Step 15: Pull any Model from Ollama
Open a new terminal and use SSH command to connect with VM again.
We will use llama 3.2 from the Ollama website:
Link: https://ollama.com/library/llama3.2
To pull the llama 3.2 model, run the following command:
ollama run llama3.2
Then, after pulling run the following command to check the model is available or not:
ollama list
Step 16: Update the System and Install Vim
What is Vim?
Vim is a text editor. The last line of the text editor is used to give commands to vi and provide you with information.
Note: If an error occurs stating that Vim is not a recognized internal or external command, install Vim using the steps below.
Step 1: Update the package list
Before installing any software, we will update the package list using the following command in your terminal:
sudo apt update
Step 2: Install Vim
To install Vim, enter the following command:
sudo apt install vim -y
This command will retrieve and install Vim and its necessary components.
Step 17: Edit the LLM Configuration File
Run the following command to access the LLM configuration file:
vim llm_config.py
You can see that in the configuration file, Ollama is already set up, and you only need to enter the model name you want to use. Here, we use Llama 3.2.
If you prefer to use Llama CPP, you can proceed with that as well.
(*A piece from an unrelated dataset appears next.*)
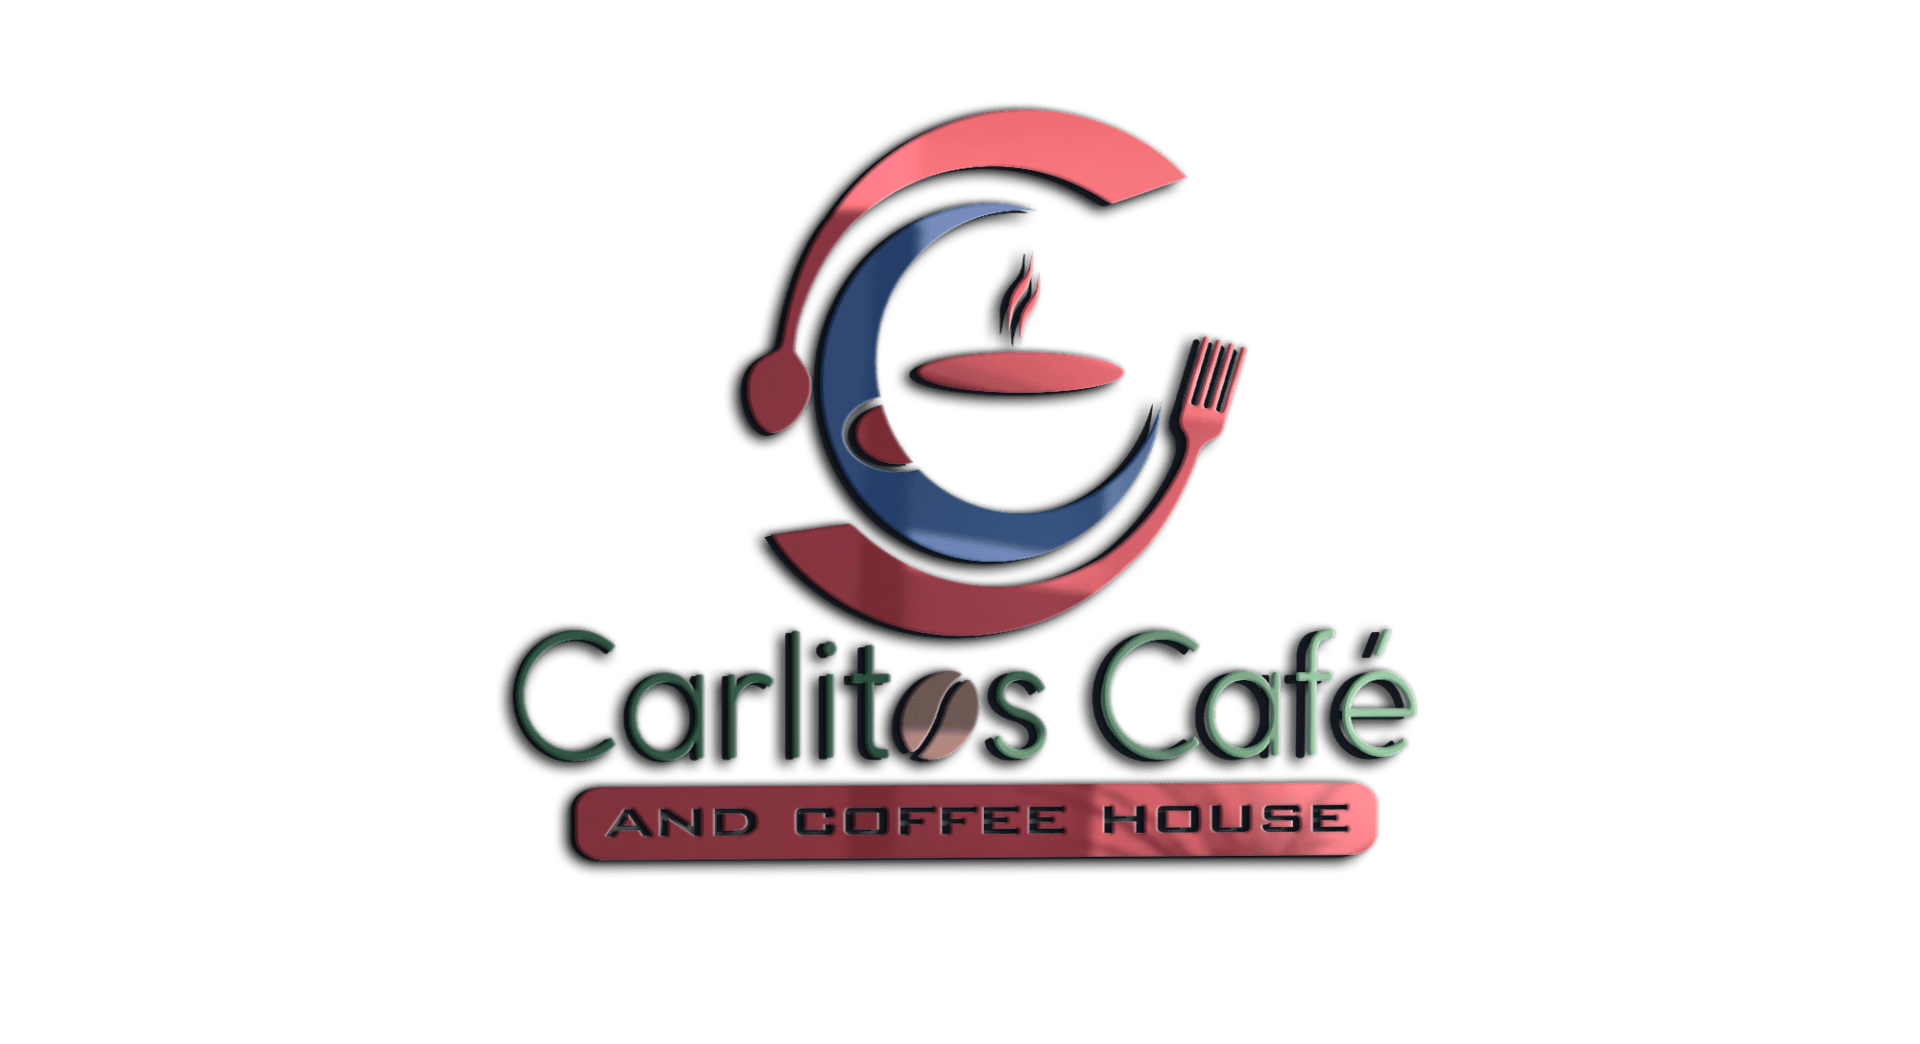 Carlitos Cafe and Coffee House logo

Entering the editing mode in Vi:
Follow the below steps to enter the editing mode in Vim
Step 1: Open a File in Vim
Step 2: Navigate to Command Mode
When you open a file in Vim, you start in the command mode. You can issue commands to navigate, save, and manipulate text in this mode. To ensure you are in command mode, press the Esc key. This step is crucial because you cannot edit the text in other modes.
Then, in editing mode, open the configuration file, check the LLM settings for the Ollama option, and add the model name you are using (e.g., Llama 3.2).
Save and close the file (Ctrl+X
, Y
, Enter
).
Step 18: Run the Web-LLM-Assistant-Llamacpp-Ollama Tool
Now, execute the following command to run the Web-LLM-Assistant-Llamacpp-Ollama tool:
python Web-LLM.py
Step 19: Enter your Message or Question
Now enter your message or ask question from assistant. And then press CTRL+D to submit your message or question.
Example 1:
Example 2:
Conclusion
In this guide, we explain the Web-LLM-Assistant-Llamacpp-Ollama open-source python-based web-assisted large language model (LLM) search assistant tool and provide a step-by-step tutorial on installing Web-LLM-Assistant-Llamacpp-Ollama locally on a NodeShift virtual machine. You’ll learn how to install the required software, set up essential tools like vim.